A MEMORIAL telling the story of Reading’s most famous VC winner has been unveiled by his granddaughter on the anniversary of his death, writes Ruth Williams.
Descendants of Trooper Potts, who died on November 2, 1943, unveiled the plaque at Reading Crematorium to tell the story of the town’s hero.
Frederick William Owen Potts won the Victoria Cross for his bravery rescuing a wounded comrade during one of the Great War’s largest battles.
He dragged injured soldier Arthur Andrews, also from Reading, to safety during the Battle of Gallipoli, in August 1915.

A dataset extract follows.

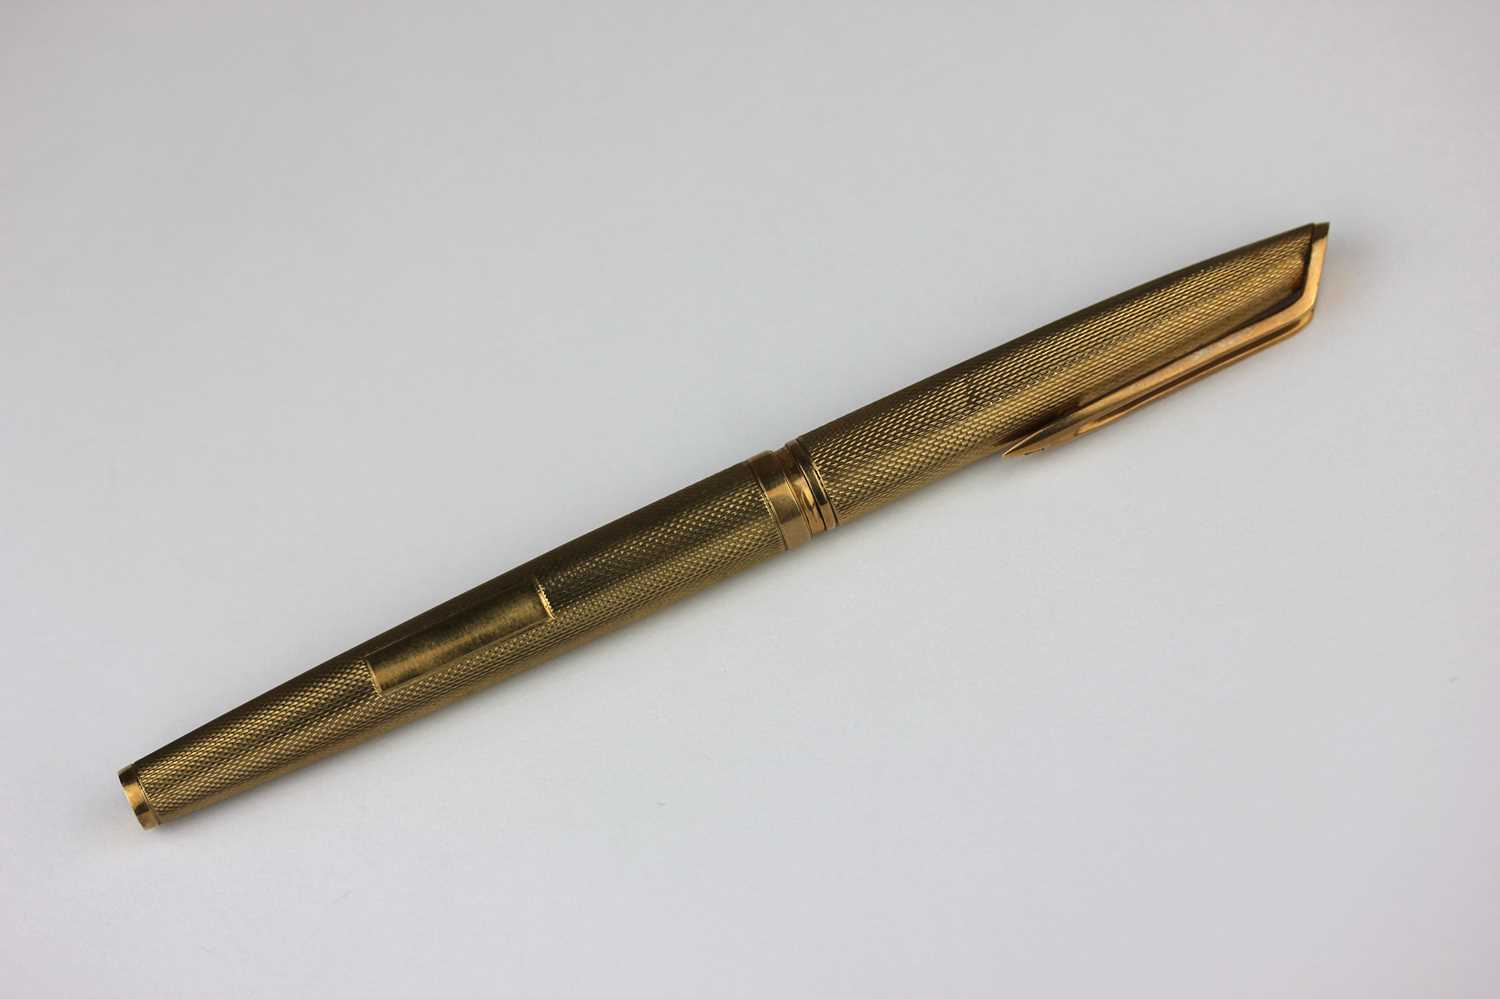 A Watermans 9ct gold fountain pen gross weight 23.6g

'The Hero with a Shovel' rescued his comrade from certain death on the battlefield at Scimitar Hill.
Trooper Potts pulled him across no man's land on a shovel for two days as they slowly crept towards safety.

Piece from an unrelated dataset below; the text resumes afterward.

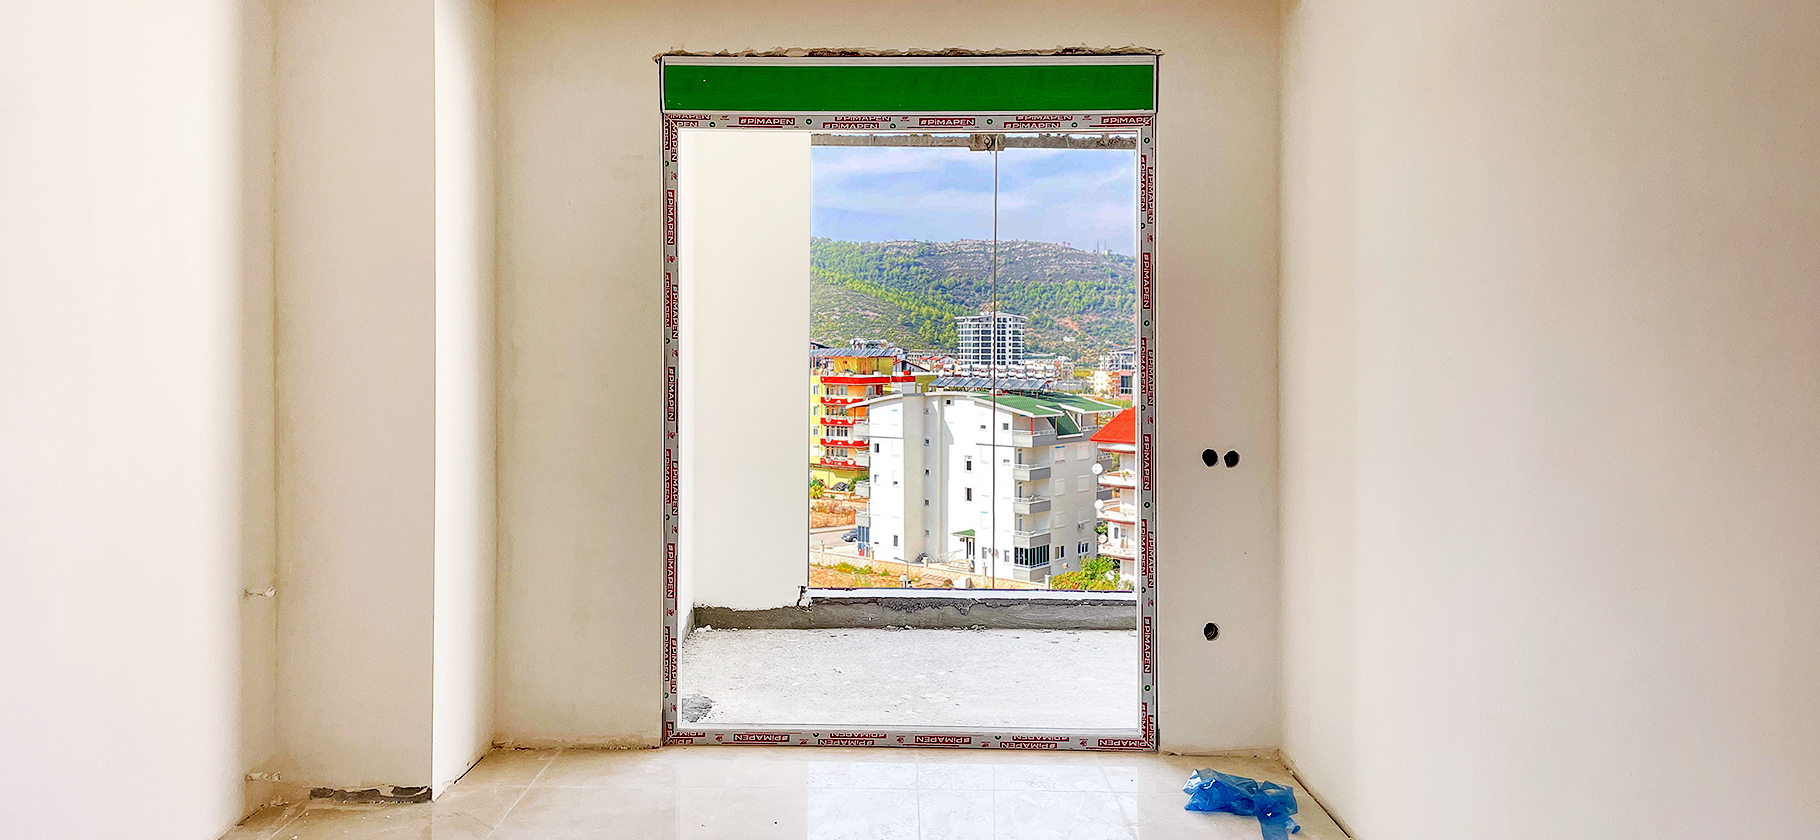 Как я продал по переуступке недостроенную квартиру в Турции

Richard Bennett, chairman of the Trooper Potts VC Trust, unveiled the plaque with Anne Ames, the solider’s granddaughter.
“A bronze plaque to Trooper Potts VC was erected at the crematorium at the time of Fred’s death. However, now installed within the building, it is of necessity somewhat inaccessible,” he said.

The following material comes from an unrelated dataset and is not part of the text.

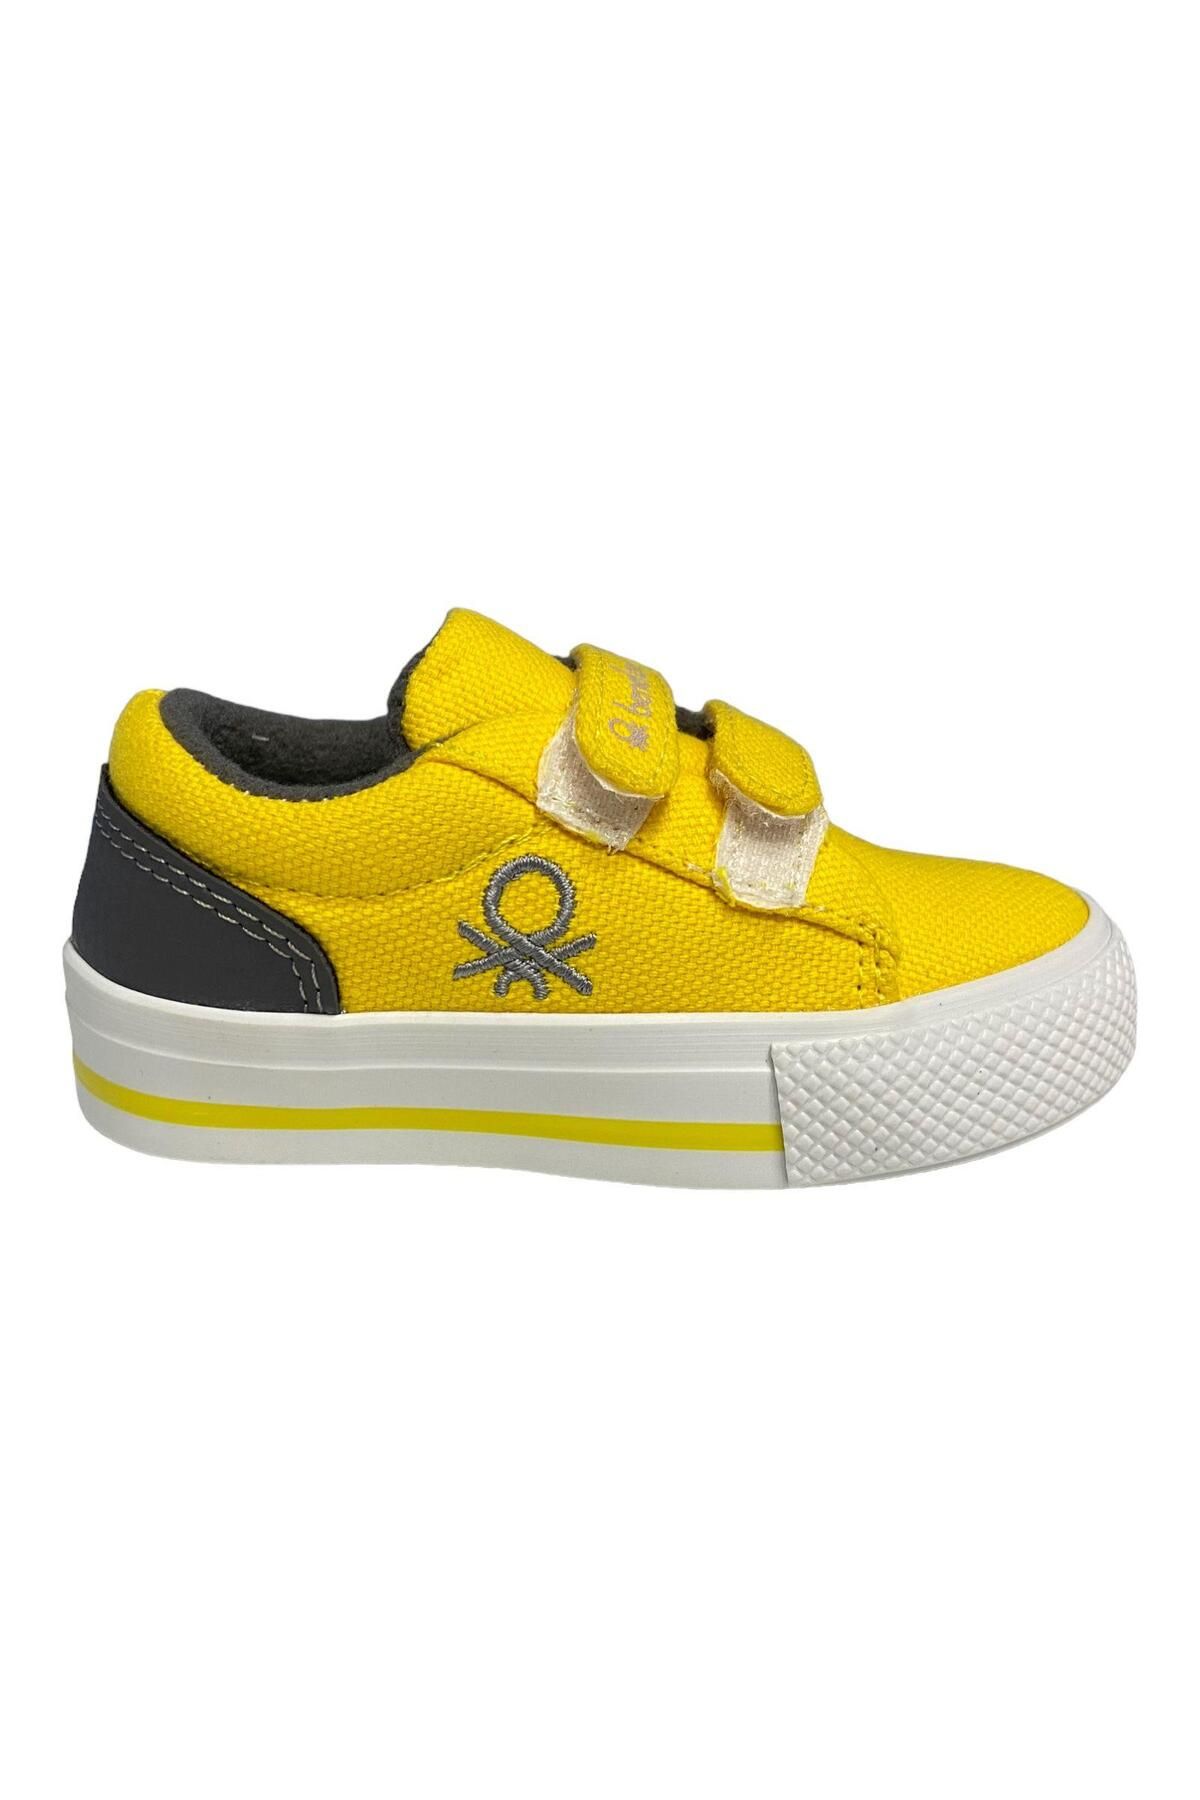 Benetton Bebe Sarı Çocuk Spor Ayakkabı

“We were therefore delighted to be approached earlier in the year by the crematorium team with the proposal for an information board about Trooper Potts VC in the waiting room of the South Chapel and that AB Walker and Son had offered to cover the cost.
“We have worked with the family, the crematorium team, Julian Walker and designer Anne-Marie Carroll, on a design.
“That it is being unveiled on the 73rd anniversary, to the day, of Fred’s death, is particularly poignant for the family.”
Earlier this year a statute of the hero was unveiled outside Forbury Gardens beside a Yeonmanry roll of honour.
Both troopers Potts and Andrews survived the war. Andrews lived to 89 dying in 1980.